In the spectral filter 1150 shown in FIG. 10, when light in the first, second, and third wavelength ranges is incident on the bandpass filter 570, light of the wavelengths λ₁, λ₁′, and λ₁″ within the first wavelength range may pass through the first bandpass filter 571. In addition, light of the wavelengths λ₂, λ₂′, and λ₂″ within the second wavelength range may pass through the second bandpass filter 572, and light of the wavelengths λ₃, λ₃′, and λ₃″ within the third wavelength range may pass through the third bandpass filter 573.

When the light of the wavelengths λ₁, λ₁′, and λ₁″ passing through the first bandpass filter 571 is incident into the first resonant layer 541, only light of the wavelength λ₁ may be emitted from the first resonant layer 141 and incident on the first sensing element 101. When the light of the wavelengths λ₂, λ₂′, and λ₂″ passing through the second bandpass filter 572 is incident into the second resonant layer 542, only light of the wavelength λ₂′ may be emitted from the second resonant layer 142 and incident on the second sensing element 102. In addition, when the light of the wavelengths λ₃, λ₃′, and λ₃″ passing through the third bandpass filter 573 is incident into the third resonant layer 543, only light of the wavelength λ₃″ may be emitted from the third resonant layer 543 and incident on the third sensing element 103.

According to one or more embodiments, the bandpass filter 570 transmitting only light of a particular wavelength range is combined with the resonant layers 541, 542, and 543 of a multi-mode structure each having a plurality of central wavelengths, to implement the broadband spectral image sensor 1000 capable of detecting only light of a desired wavelength.

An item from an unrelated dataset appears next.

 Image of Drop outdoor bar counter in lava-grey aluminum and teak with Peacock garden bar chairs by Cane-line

As shown in FIGS. 4, 7, 9 and 10, in embodiments where the reflective plate corresponding to the unit filter includes more than one material, the materials may be arranged in an alternating pattern. For example, in FIGS. 4, 7 and 9, the materials 151a and 151b are arranged in alternating patterns in unit filters 111 and 113. In FIG. 10, the materials 550 and 551 are arranged in an alternating pattern in unit filter 111, and the materials 550 and 552 are arranged in an alternating pattern in unit filter 113.

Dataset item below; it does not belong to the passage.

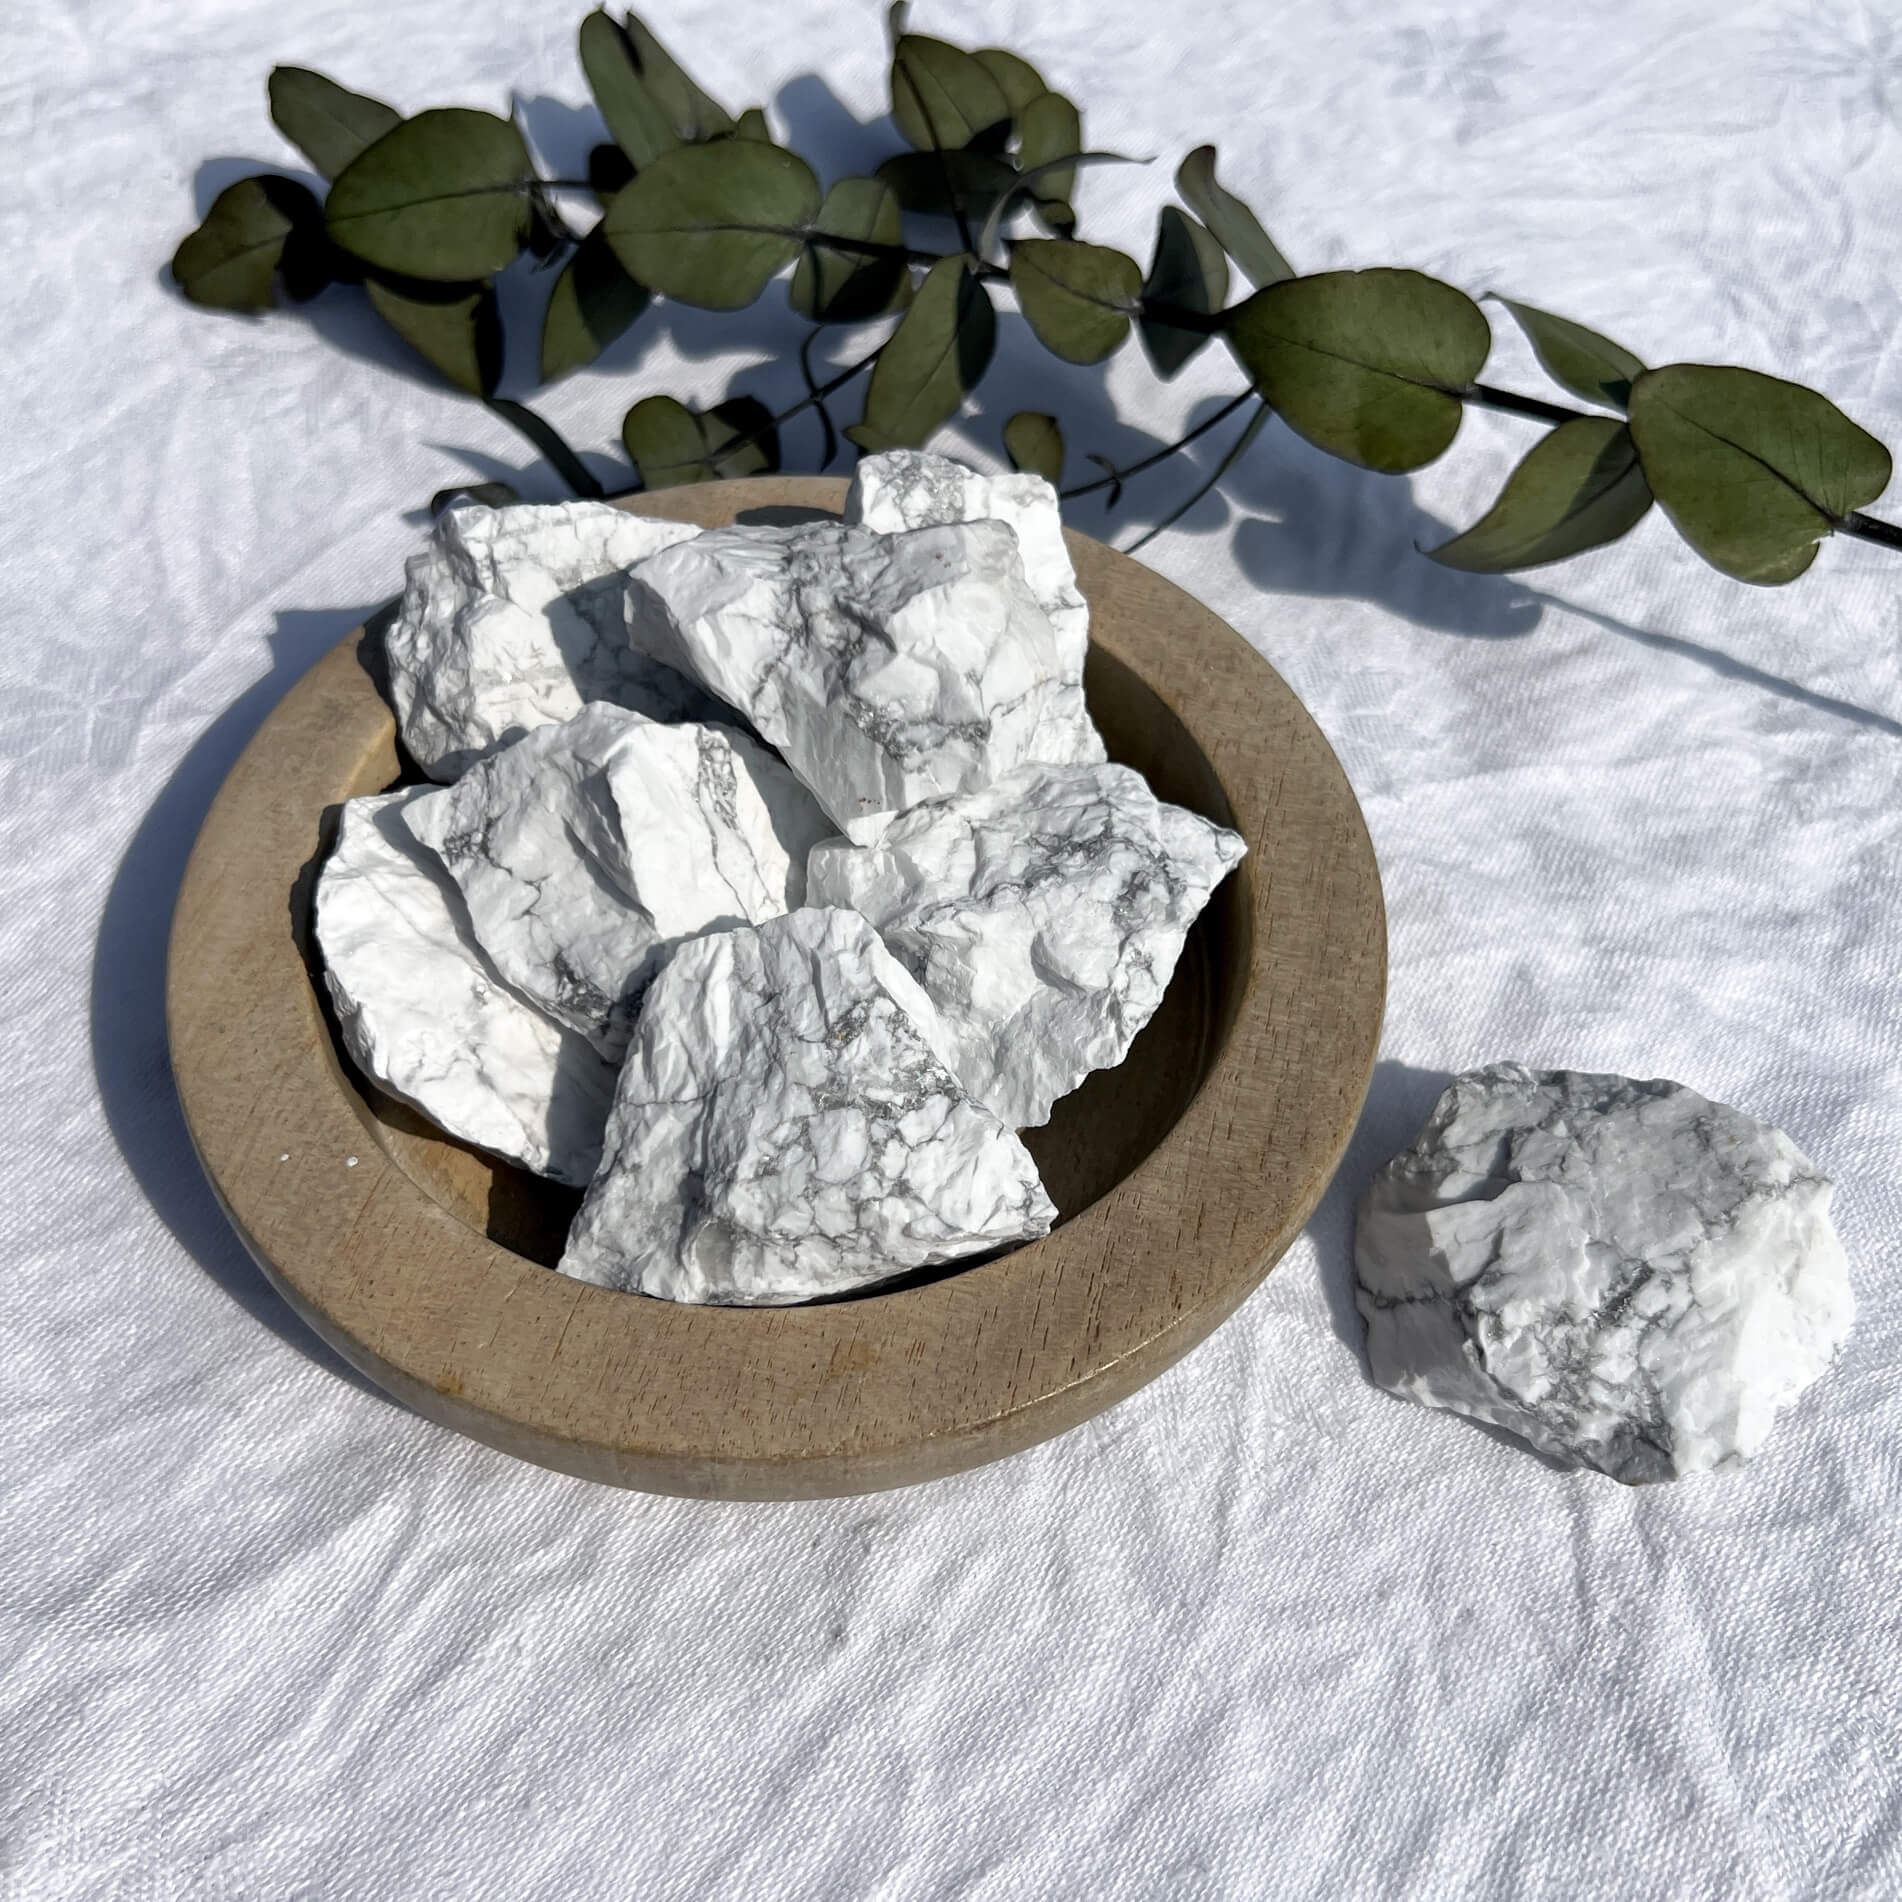 A wooden bowl filled with white and grey marbled howlite crystal chunks

The spectral image sensor 1000 described above may be employed in various high-performance optical devices or high-performance electronic devices. These electronic devices may be, as non-limiting examples, smartphones, mobile phones, cell phones, personal digital assistants (PDAs), laptops, personal computers (PCs), various portable devices, home appliances, security cameras, medical cameras, automobiles, and the Internet of Things (IoT) devices, or other mobile or non-mobile computing devices.

In addition to the spectral image sensor 1000, the electronic device may further include a processor configured to control the spectral image sensor 1000, for example, an application processor (AP), and an operating system or an application program may be driven through the processor to control a plurality of hardware and software elements and perform various data processing and calculations. The processor may further include a graphics processing unit (GPU) and/or an image signal processor. When the processor includes an image signal processor, an image (or video) obtained by the spectral image sensor 1000 may be stored and/or output by using the processor.

FIG. 13 is a block diagram illustrating an example of an electronic device according to one or more embodiments.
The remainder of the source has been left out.